Last month, I went to an amazing island in the east part of Indonesia’s archipelago. It was a work trip for one of my clients in order to do a survey for their upcoming campaign. It felt really good that I actually can departure to somewhere I'd never go to during my casual days. It makes me love my job a lil bit more.

For any of you who don’t know much about Indonesia, there is a place in this country called Nusa Tenggara Timur – in English it should be East Southeast Nusa (I guess). Not really sure about that. ANYWAY, I flew there using Garuda Airlines for 4-5 hours and landed on the El Tari International Airport in Kupang city. It was probably the smallest airport I’ve ever been.

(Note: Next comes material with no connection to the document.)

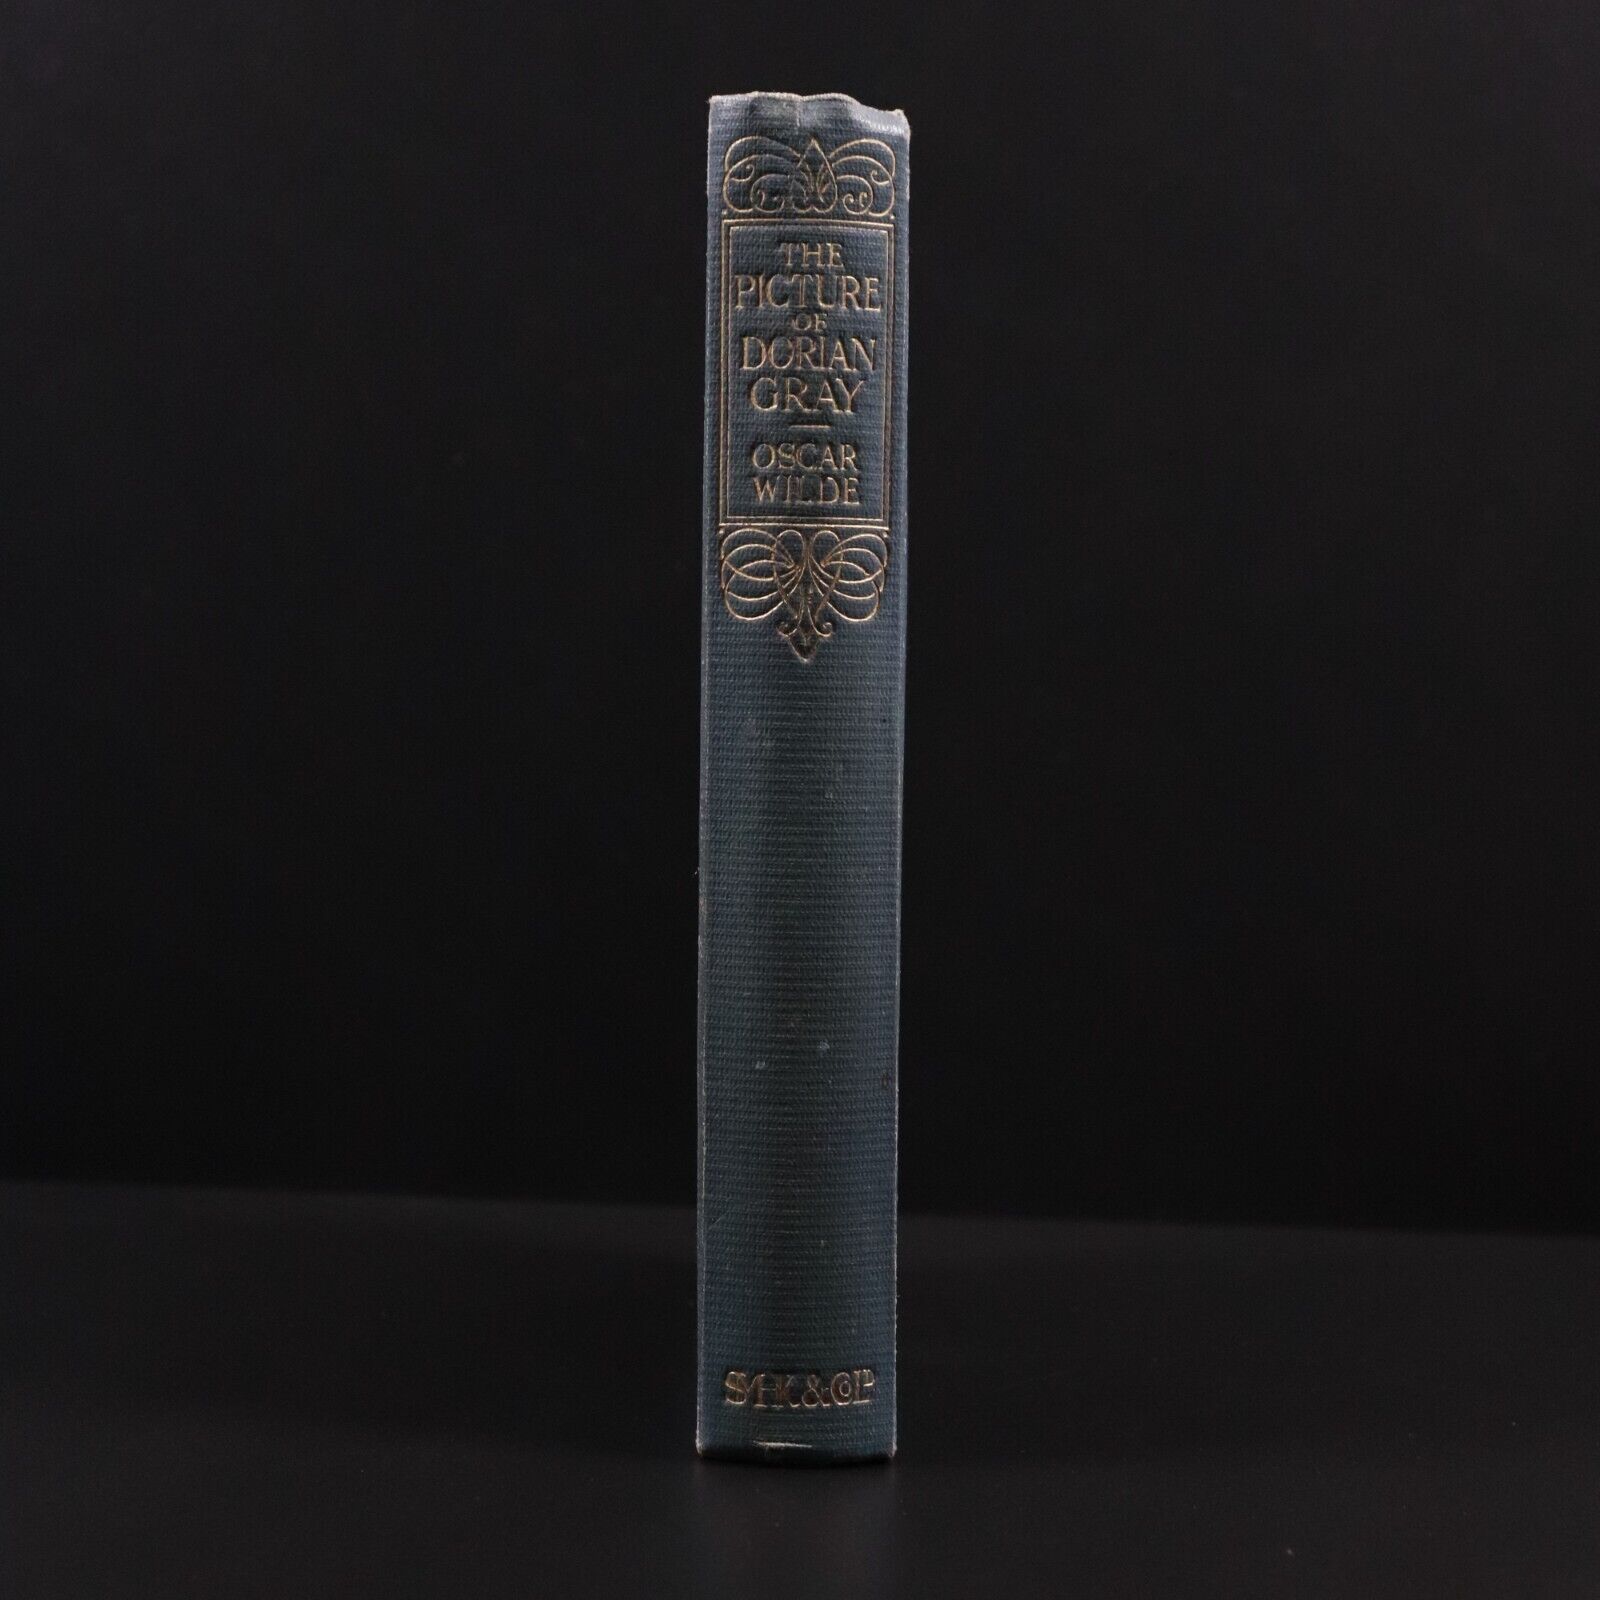 c1910 The Picture Of Dorian Gray by Oscar Wilde Antique Classic Literature Book

First impression: Arid. And sizzling hot. Even from the plane window, I could see how dry and infertile the soil was. I can still remember the monologue inside my head going like, "Damn it. I thought this is going to be all tropically, beach-esque, and stuff. Look at those cracks on the ground!" Well, to be honest I kinda knew what I signed up for. It was just an inner voice that was still hoping for something that it wanted to happen. But that voice was totally wrong.

So, basically I was working for the whole trip; no time to relax. Like literally, I didn't get enough sleep for the whole 3 days. Or 4 days. I can't even remember. That's how tired I was. Buuut, some parts of the work were so fun and adventurous.

There was a time where I had to print shitloads of papers in several different local photocopy stores cause the electricity went out. What a perfect time when we urgently needed them. I also got to meet  the local people and learned a bit of their language. Some dudes told me to try the most famous brothel houses and order the hookers. Appreciate the hospitality guys. :D

Apart from a few other culture-shocking experiences, the highlight of the trip was when I have to visit the remote village which was located 5-6 hours by car from the city, Kupang. The village is called Desa Bitobe - very small, small population, and definitely far from modern life.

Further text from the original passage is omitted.